1. 200+ Switch layer two domain using VTP. We never killed the network, but we were extra careful. STP root was default everywhere so root was an edge switch in a small building.
2. The one I mentioned above. Cores had STP turned off. All other switches were using default STP configurations. So some were using STP some RSTP. Depending on how old the switches OS was.
3. A "failover" configuration of GRE with two head-end routers terminating remote sites. Sounds like a good plan, and if the primary GRE router died the backup would take over. However, if the backup GRE router was rebooted it killed all traffic. We never did figure out why. We just decommissioned the entire setup.
4. While in the Army stationed in Korea. Someone took a rack out of a dish washer, you know the piece with all the plastic sticks to hold the plates, and mounted that to the wall. They then zip tied a switch into this, and used the dish rack as cable management. I used to have a photo of this, but I can't find it now.
5. Korea again. Used pair-gain DSL modems to get connectivity over copper cable installed during the Korean war. Cable ran under the runway, and could not be replaced. Whenever it rained we lost connectivity.
6. Korea again. During a field exercise we needed to link the primary operations center with the backup. Didn't have fiber. Ran an entire box of CAT5 (1000'). Put ends on it, and plugged it in. It worked, but the entire network ran at a crawl.
7. Working with the Marines.
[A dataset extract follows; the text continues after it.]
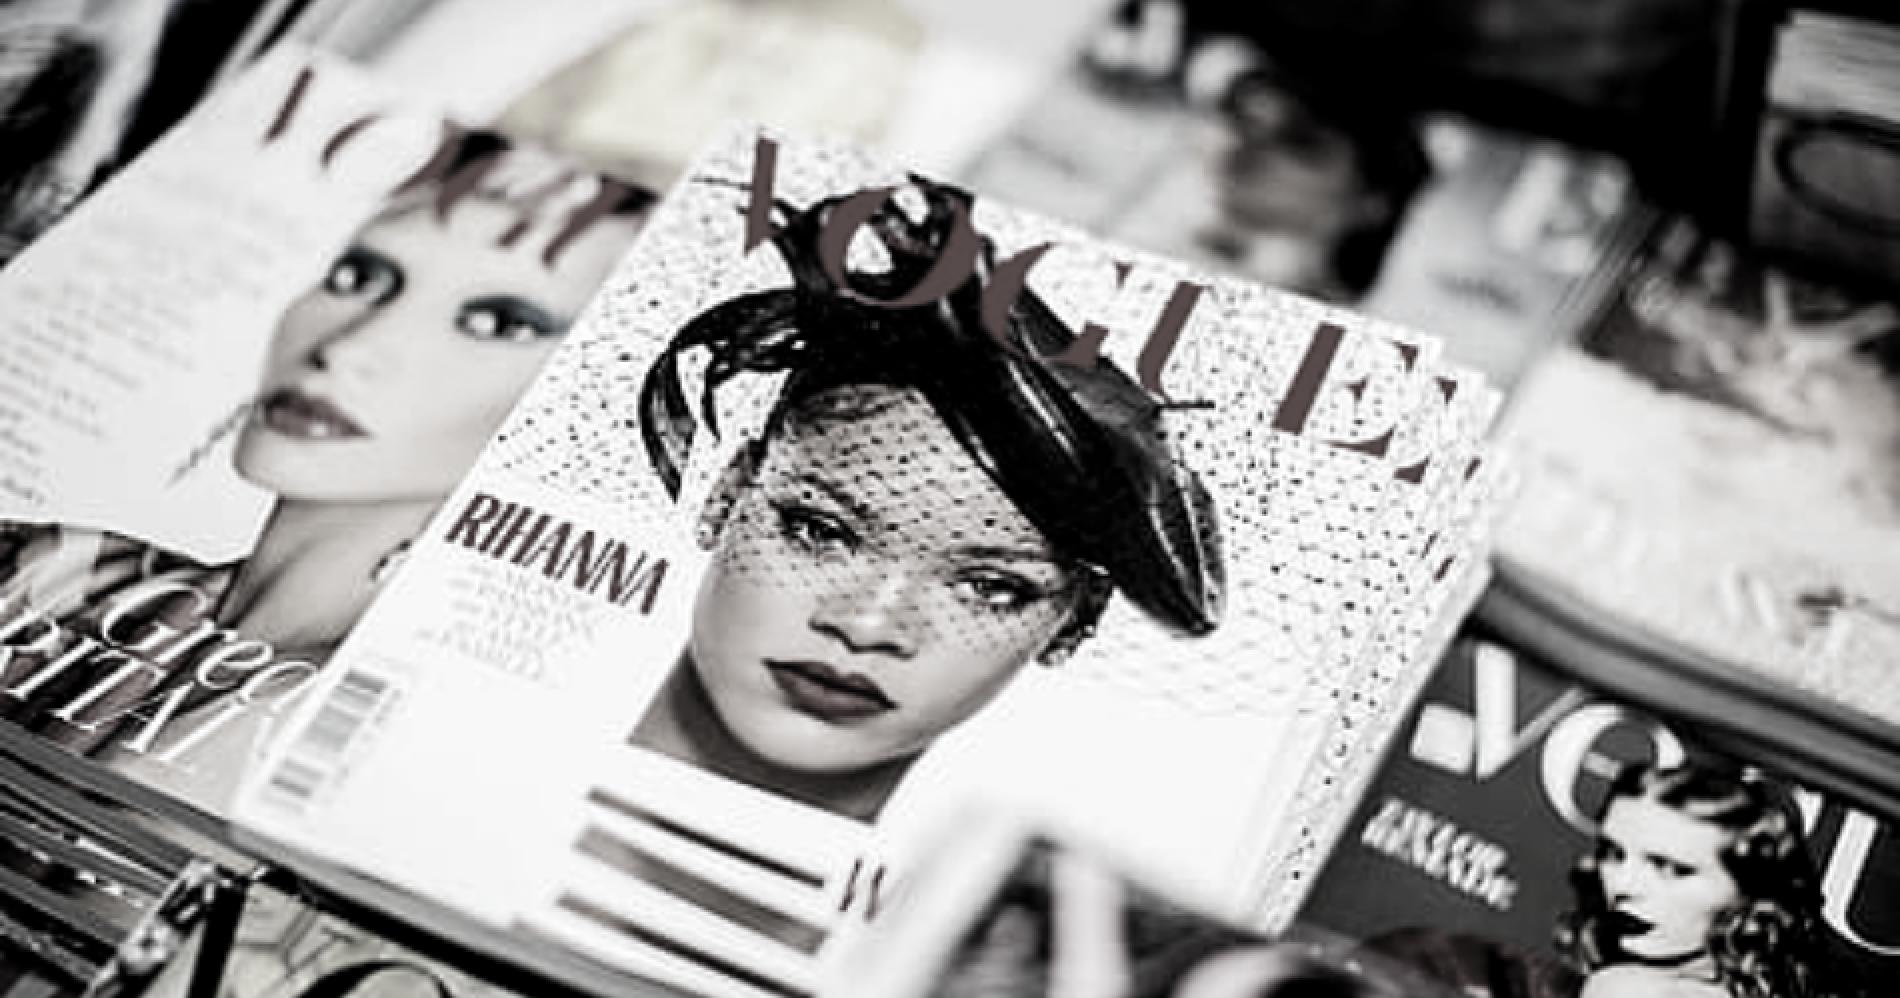 Rihanna Illustration Web Bisnis Muda - Piqsels

Needed a buried cable run about 400'. How do you dig a trench 400' long? You steal a fork lift use an expedited government requisition process to get a fork lift, remove one fork, and rotate the other fork so it is facing down. Jam the fork into the ground, and drive forward. It the fork lift gets stuck push it with a truck.
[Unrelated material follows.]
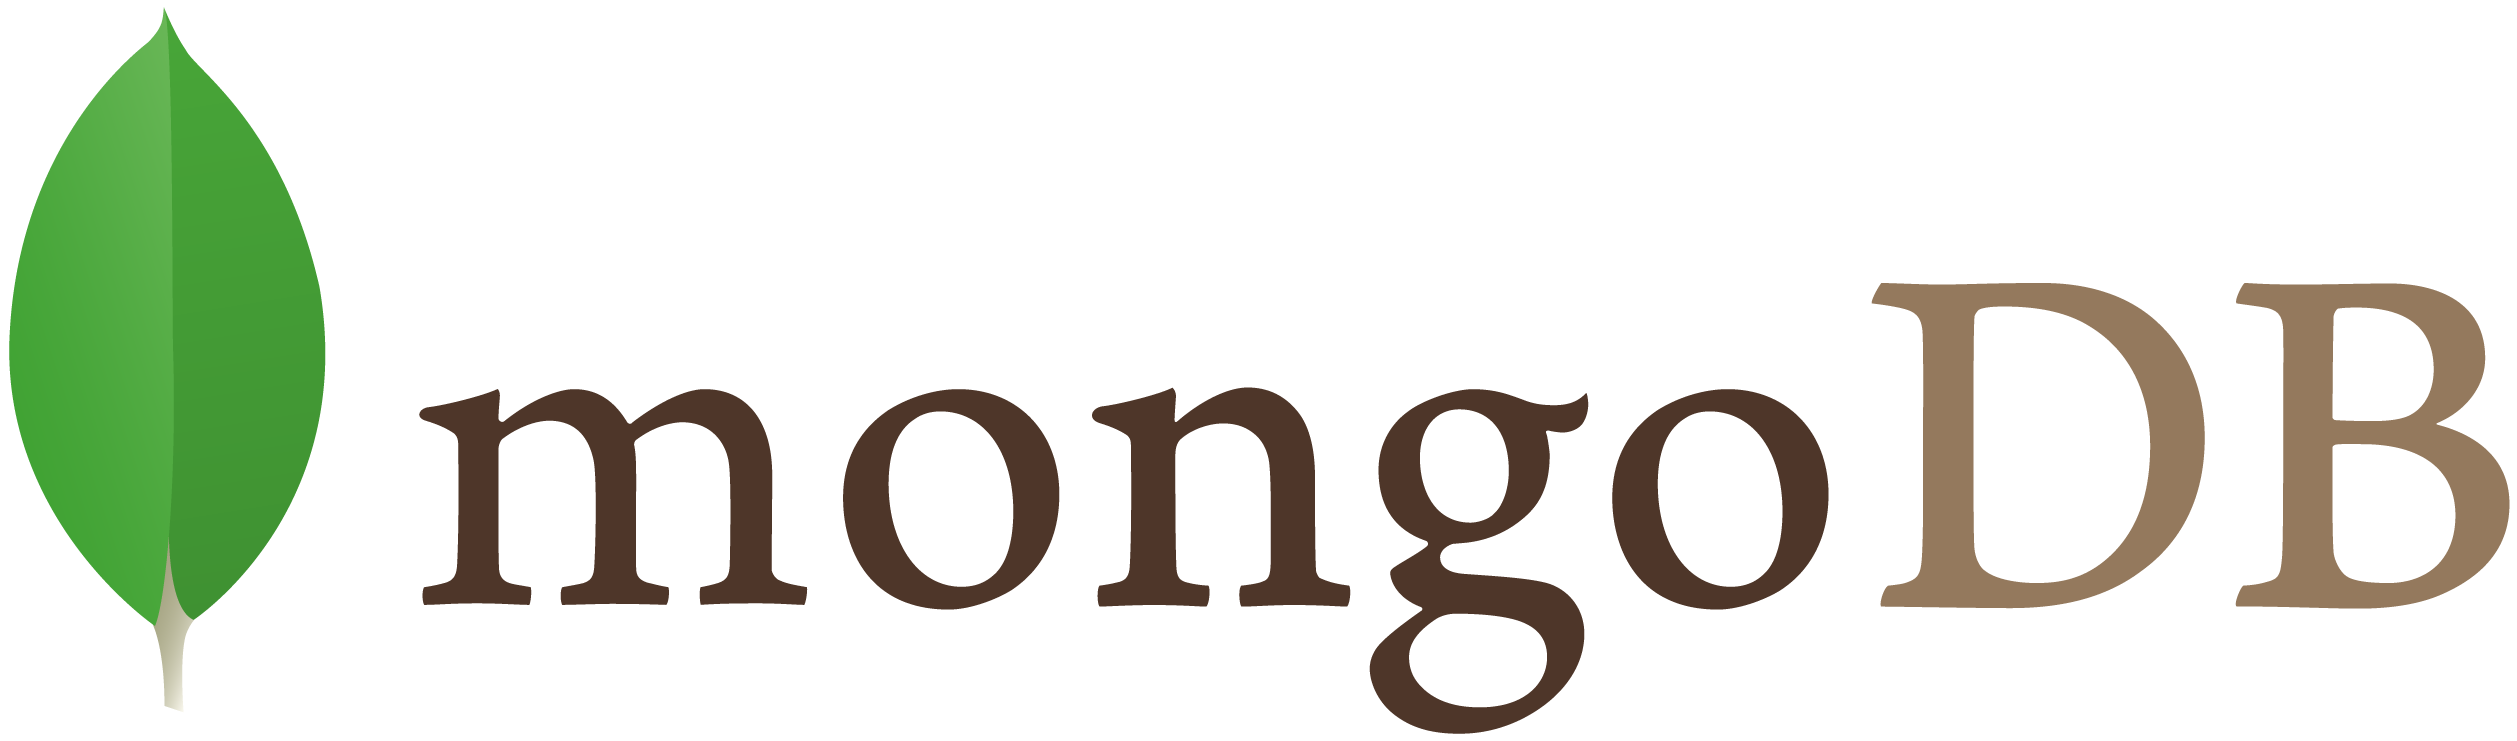 mongodb_logo_transparent

8. Rats chewing on an unprotected fiber run in a building? Line up about 50 glue rat traps along the path, and lay the fiber in the middle. Replace glue traps as needed.
9. Wireless signal was poor. The other group running the wireless finally asked for help. We go over in force (5 network engineers) to troubleshoot. Found they had zip tied the AP to the steel I-beam that held up the roof. This put a good half inch of metal between most of the building, and the antenna.
That is all for now.
-Otanx
few jobs ago, worked for a company that spent 500K on some beefy servers, but didn't take into account heat dissipation, or the need for A/C. it's was 110-120 in the server room on a daily basis. the servers burned themselves out in about a year.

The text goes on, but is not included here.